Under the Millionaire’s Amendment provision of the nightmarish McCain-Feingold law, a candidate who spends $350,000 of his own money, and, under a complicated formula, is spending $350,000 more than the other candidate, triggers a brand new scheme of contribution limits. These new limits allow the lesser-funded candidate to raise contributions that the candidate, who is largely or entirely self-financing, cannot.
Back in 1976, in Buckley v. Valeo, the High Court “soundly rejected” a limit on how much any one person can spend on his or her own campaign. The Buckley decision erred, however, in otherwise upholding a congressionally mandated contribution limit. By the Constitution, Congress has no authority to regulate speech; just read the First Amendment. And, to takes speech public, it takes money. Often, lots of it. But the Court reasoned that the “burdens” the donation limits imposed on First Amendment rights were justified by the important governmental interest in combating corruption and the appearance of corruption.
Now, granted, combating corruption is good. The appearance of corruption? Subjective . . . and inevitable, given the lack of practical limits on busybodying by government in private affairs. So, it’s hardly a proper basis for lawmaking. But the alleged specific “interest” is less problematic than the implied sleight-of-hand conception of rights. The Bill of Rights was intended to draw a clear line over which government power could not reach, while the Court’s method of weighing First Amendment issues reduces it to a flimsy compact that can be abrogated by government at any time.
Imagine going to your car dealership and seeking repair of a part under warranty, only to be told that the mechanic is weighing your right under the warranty against their compelling business interest. That, in essence, is the conventional judicial wisdom.
Buckley allowed Congress’s nose inside the tent. Since then, incumbents in Congress have been regulating the speech of their political opponents. Take a step back and consider: Why was there a Millionaire’s Amendment?
Campaign finance laws have long worked to the advantage of incumbents. This provision was no different. Incumbents in Congress wanted to blunt one of the few threats they face: a well-financed opponent. Disclosure laws already make it risky for any citizen or interest group to contribute to a challenger. Congress sought to tamp down on a remaining source for real financial competition. It is telling that even self-financing multi-millionaire challengers have a hard time defeating entrenched incumbents.

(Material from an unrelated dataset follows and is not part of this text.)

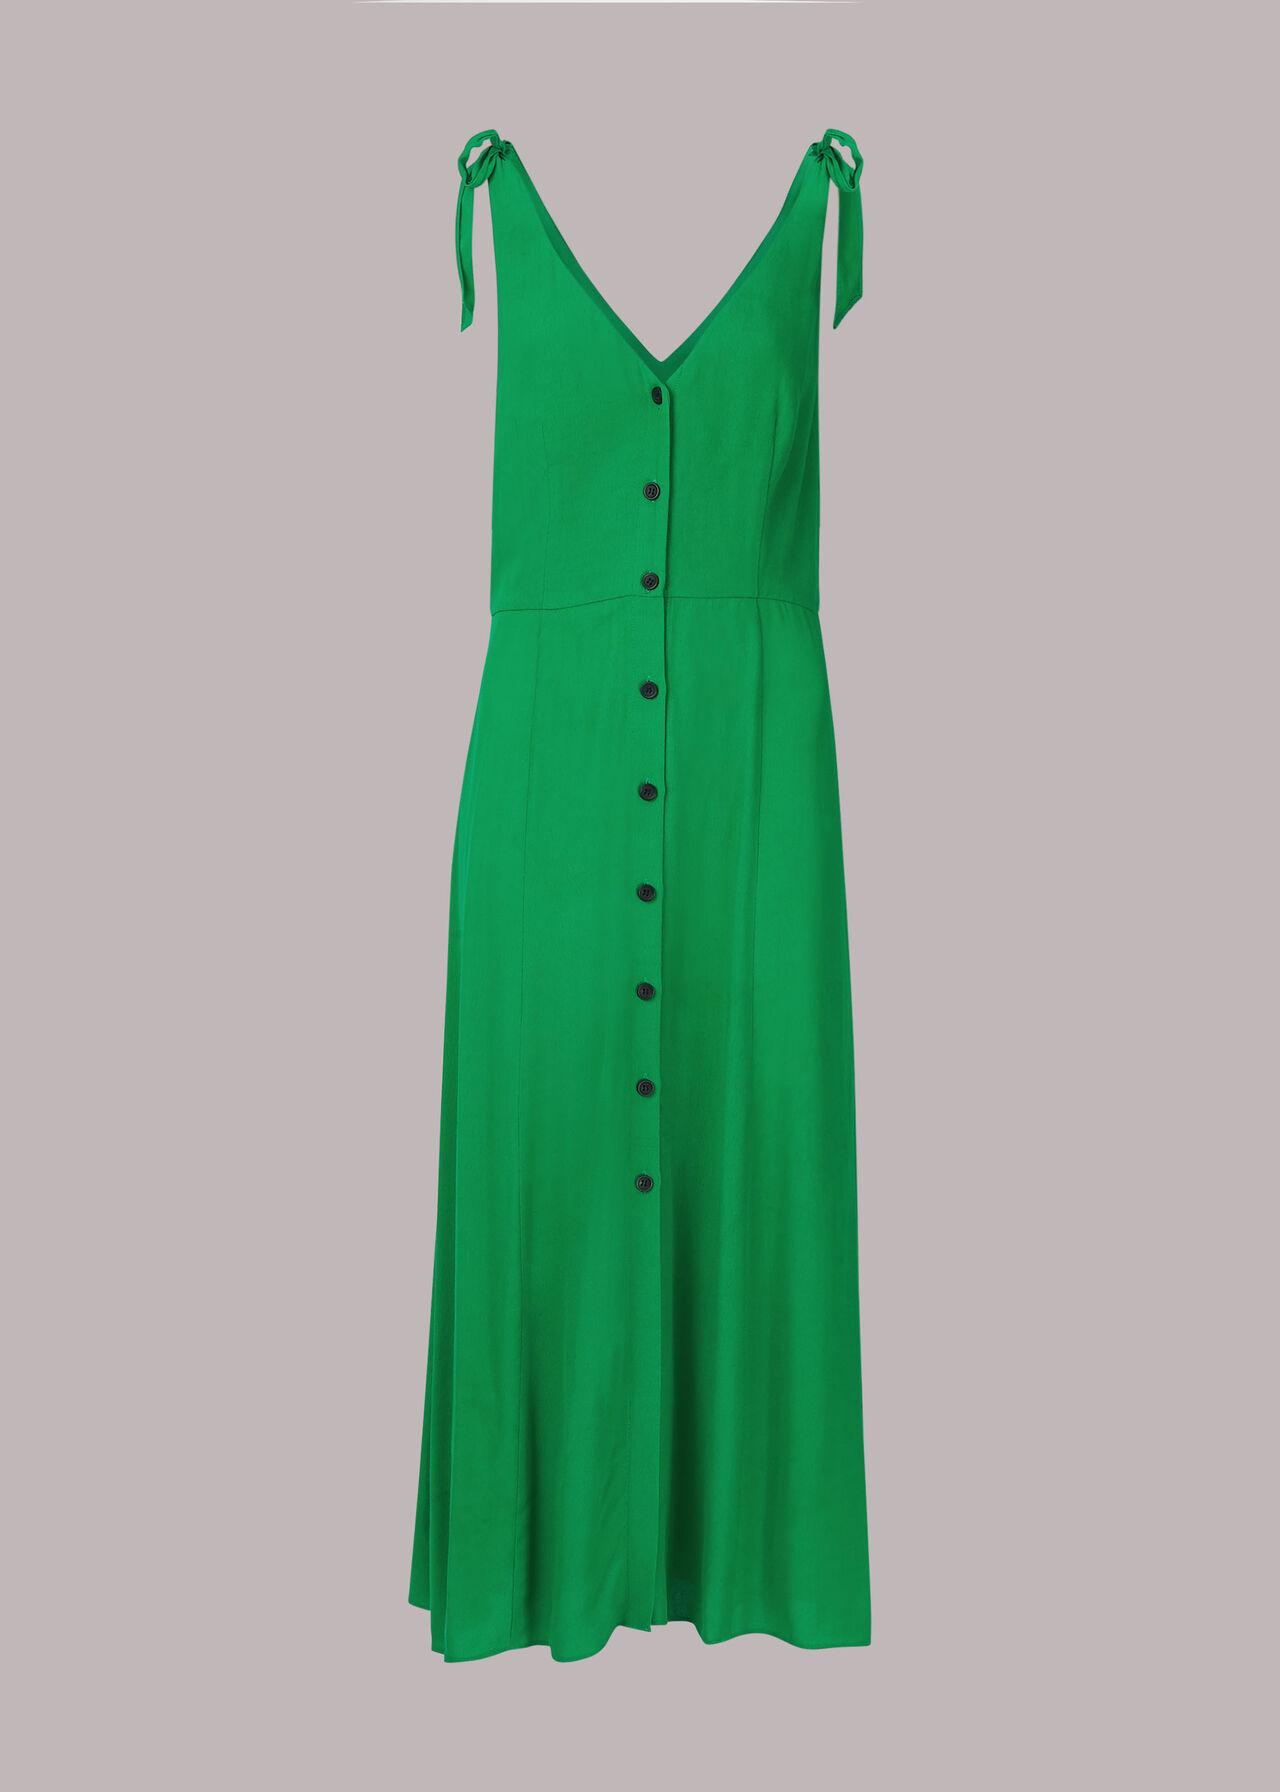 Hanna Tie Shoulder Dress Green

That’s why it seemed almost laughable to read Justice John Paul Stevens dissent, where he wrote that Congress was “motivated by proper and weighty goals.” Stevens went on to argue that limits on the quantity of speech were not only constitutionally permissible, but warranted.
Stevens compared voters to judges, explaining that judges are able to limit the time for argument in a case and the page length of legal briefs. He argued this allowed for greater deliberation. “It seems to me that Congress is entitled to make the judgment that voters deserve the same courtesy and the same opportunity to reflect as judges,” he wrote, “flooding the airwaves with slogans and sound-bites may well do more to obscure the issues than to enlighten listeners.”

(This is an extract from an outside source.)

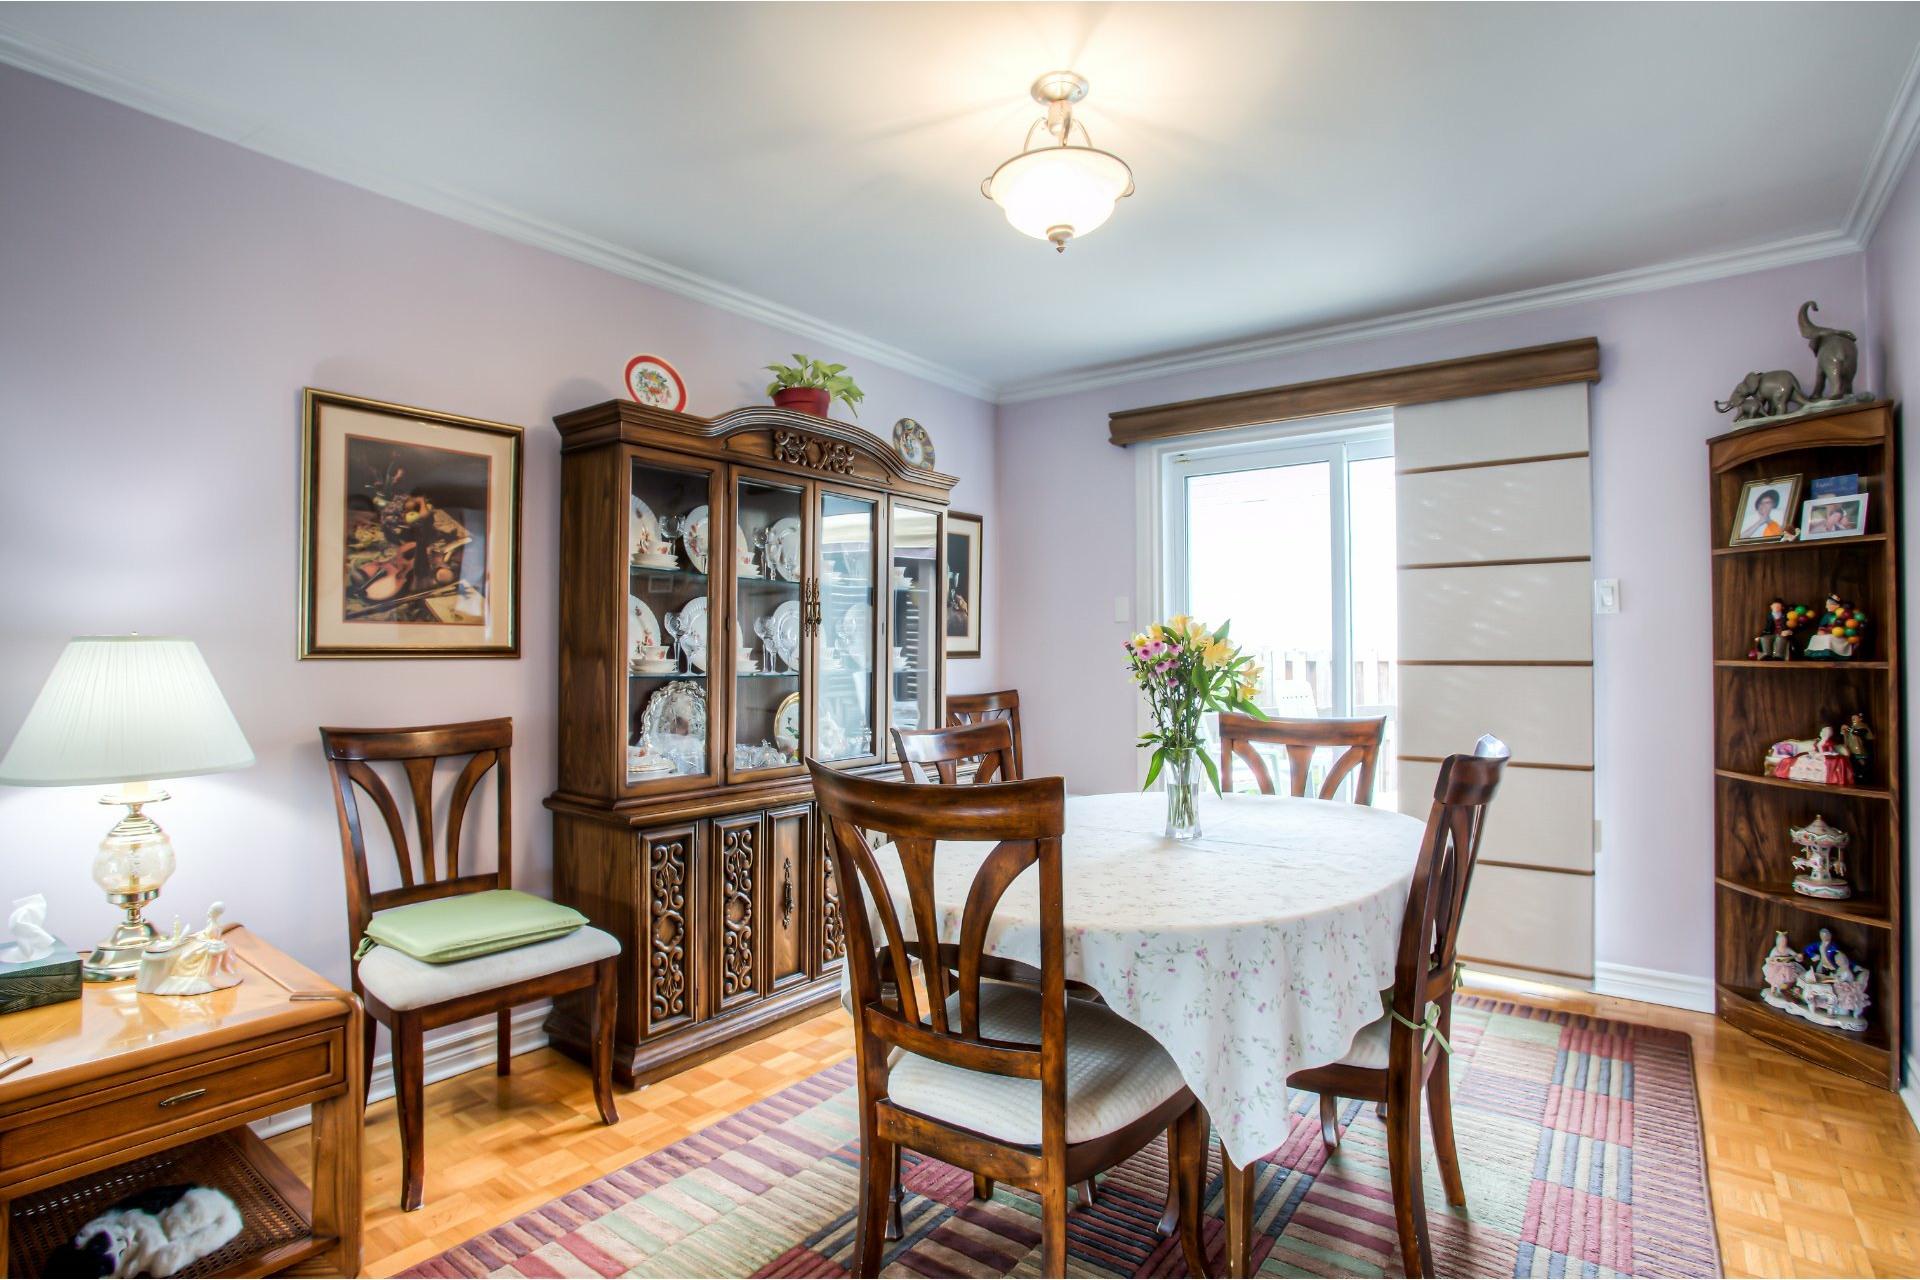 image 6 - House For sale Pierrefonds-Roxboro Montréal  - 10 rooms

Stevens and the speech-police style reformers first argued that there was too much money in politics. Now their true position emerges: There is too much speech.
Our problem, of course, is the very opposite of too much speech. It's too much government. And the way to start peeling back government is to enforce, once again, our basic rights, our rights as individuals.
The individual has an inalienable right to defend himself, and thus to keep, and if necessary, bear arms. Last week’s 5-4 Court ruling merely acknowledged that the prose of the Second Amendment addresses this right. And so must government.
Likewise, the individual has an inalienable right to speak out — especially politically. This can hardly co-exist with a Congress (made up of career politicians) micro-managing the finance rules for themselves and their opponents’ campaigns.
Last week’s Davis decision may not have been as sweeping as Heller, but it did two important things:
1. It lessened the control McCain-Feingold has on our political discourse, weakening incumbents’ ability to ride herd over the democratic process, and
2. It showed just how far the unconstitutional restriction of political speech has come, and how frighteningly far its supporters would like to go.